Problems with the way water resources are being managed take many forms and affect billions of people and many sensitive environments around the world. These pressures produce scarcities. From these scarcities come conflicts, which are exacerbated by the lack of institutional structures to mediate them.

“...a growing population will cause an increasing stress on water resources. It will be enormous task to find a balance between industrial use, agricultural use, use for households and nature conservation. The consequences of this competition (on food security, on trade, on need for new technology and need for education) will call for strong policy responses, both nationally and internationally. Together, water demands are so high that a number of large rivers decrease in volume as they flow downstream, with the result that downstream users face shortages, and ecosystems suffer, both in rivers and in adjacent coastal areas”.

Mrs. De Boer, Minister of Environment of The Netherlands,
in the European Union statement at the Commission for
Sustainable Development meeting in 1997 (Eco efficiency session)
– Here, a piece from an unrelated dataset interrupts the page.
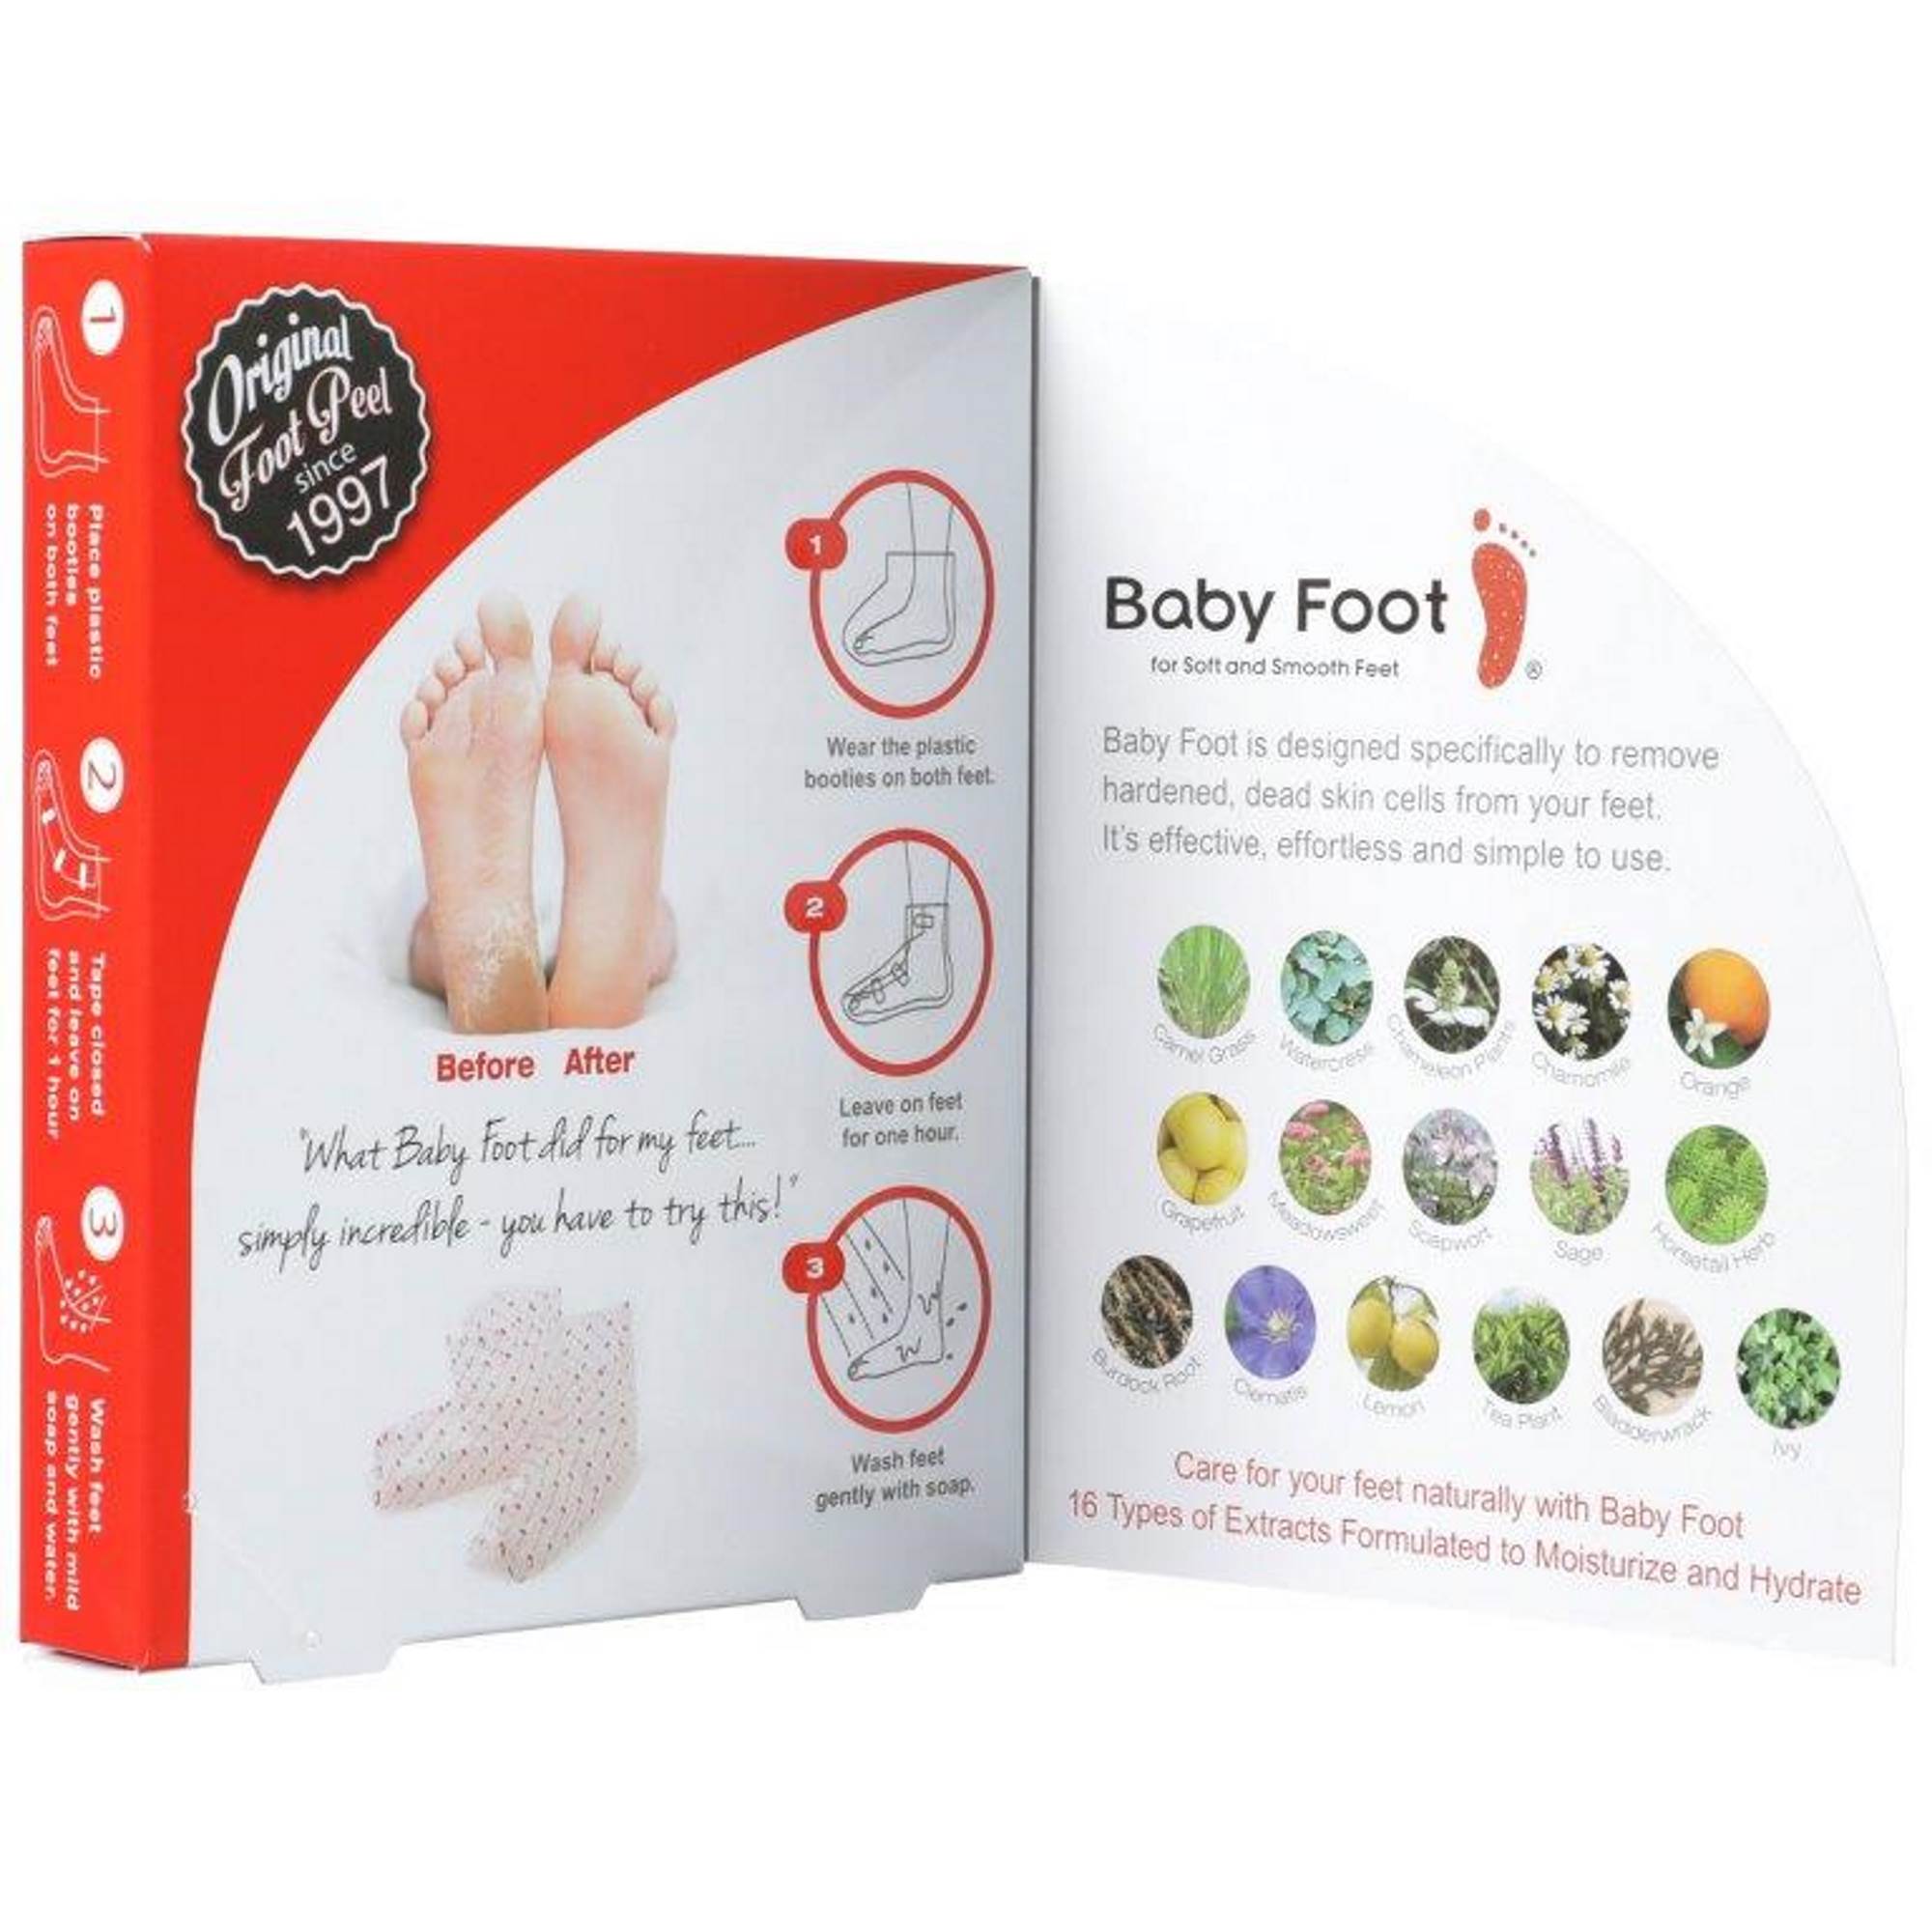 Baby Foot Exfoliant Foot Peel Lavender Scented 2.4 oz

It is these issues which are the basis for the need for an integrated water resources management (IWRM) approach. From them emerge five key issues for policy development. They are:

  1. Balancing needs: creating the best balance between the different needs of all water resources.
  2. Conserving resources: managing water resources to maximize benefits for all without jeopardizing the quality and sustainability of the resources themselves or the ecosystems they support.
  3. Upstream and downstream: managing water resources in ways which do not affect the quality or quantity of these resources available to users downstream
  4. Dealing with variability: minimizing the effects of variable and uncertain character of water resources.
  5. Appropriate management: putting the most appropriate management systems in place for IWRM, at the river basin level.

Issues that have brought about the need for IWRM at national level are even more apparent internationally. Particularly sharing the scarce resources of international rivers, but also water quantity issues and hazards such as floods, droughts and discharge of hazardous substances have emphasized the need for the integrated management of international river basins and coastal zones. It is increasingly realized that river basins and coastal zones are part of the same river system. However, the management of international river systems is often troubles by international relations, and indeed can be a cause of troubles in these relations. Several authors have stressed the danger of imminent wars in river basins such as the Nile, the Jordan, the Euphrates and the Ganges, and potential conflicts in Southern Africa, South America, South - East Asia and the Middle East.